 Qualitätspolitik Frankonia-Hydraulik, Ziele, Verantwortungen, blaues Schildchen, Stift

...

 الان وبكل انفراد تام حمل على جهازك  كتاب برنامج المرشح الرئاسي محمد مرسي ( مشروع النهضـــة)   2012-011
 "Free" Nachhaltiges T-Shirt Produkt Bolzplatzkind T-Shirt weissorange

==

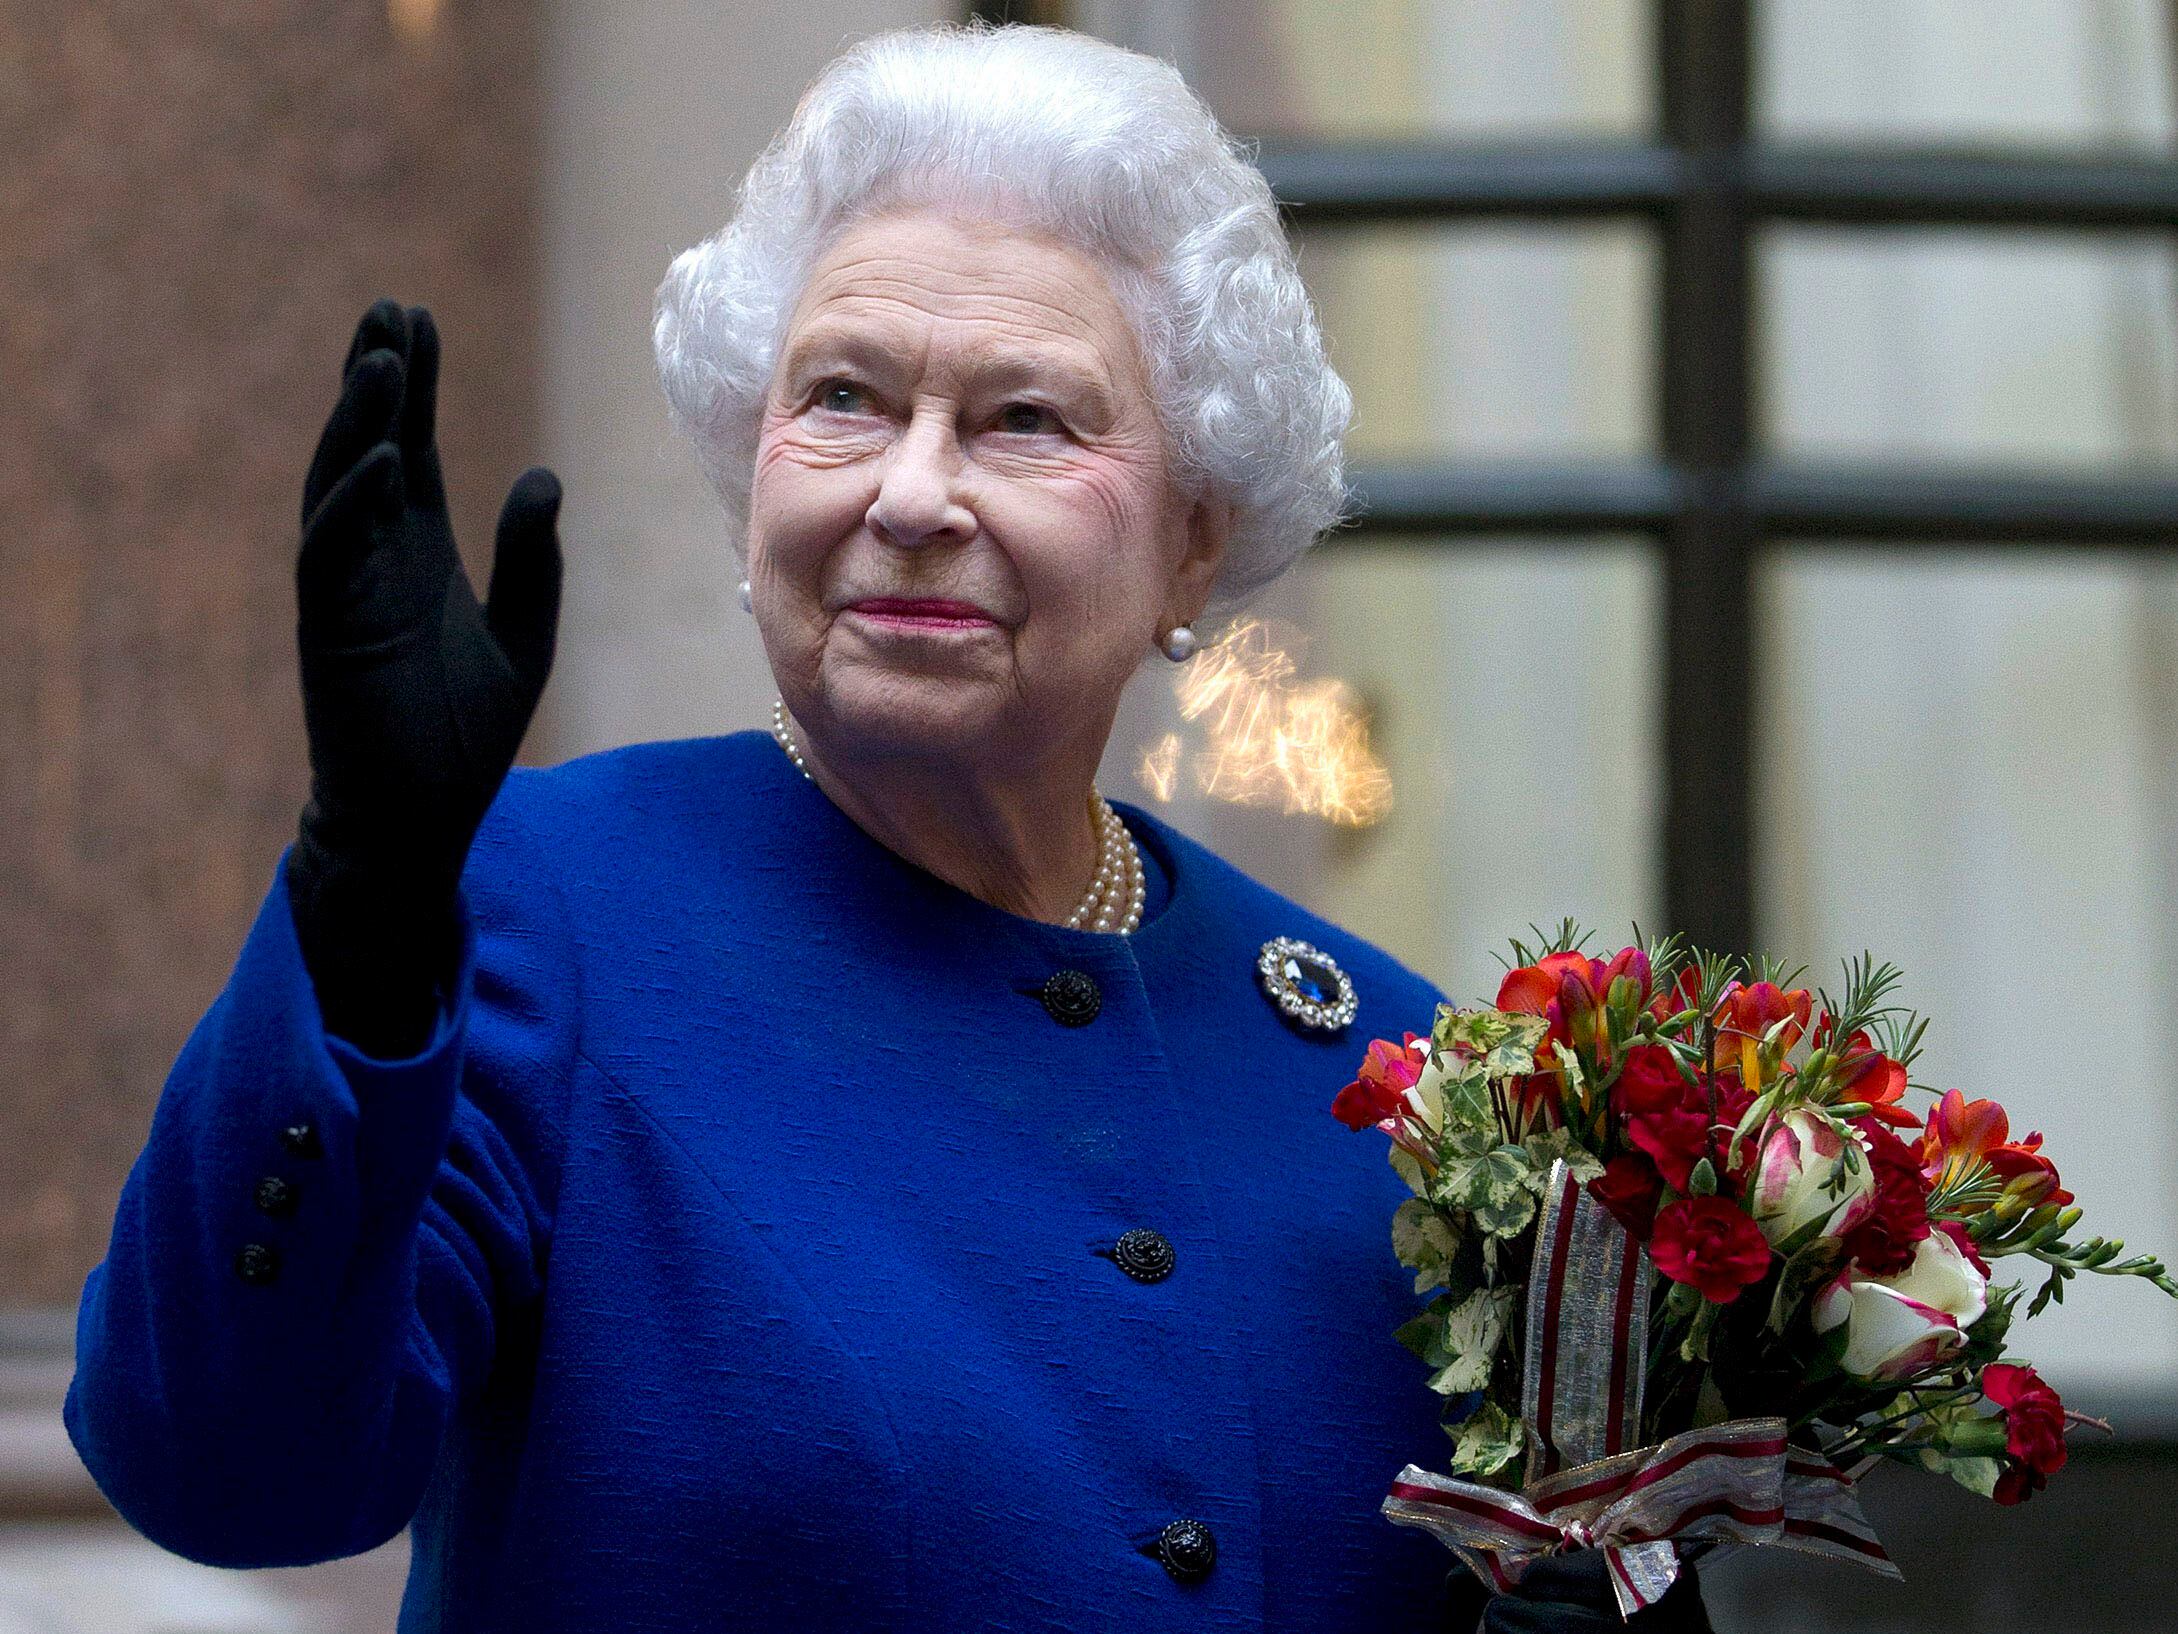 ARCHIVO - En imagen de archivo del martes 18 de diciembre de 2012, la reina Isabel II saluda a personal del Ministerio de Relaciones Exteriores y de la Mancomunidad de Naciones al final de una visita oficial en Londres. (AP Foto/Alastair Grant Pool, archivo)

> [Work task] Output only an exact transcription of the lines above from the one with "الان وبكل انفراد" up to and including the one with "Bolzplatzkind T-Shirt weissorange".

> [Answer to this task]
 الان وبكل انفراد تام حمل على جهازك  كتاب برنامج المرشح الرئاسي محمد مرسي ( مشروع النهضـــة)   2012-011
 "Free" Nachhaltiges T-Shirt Produkt Bolzplatzkind T-Shirt weissorange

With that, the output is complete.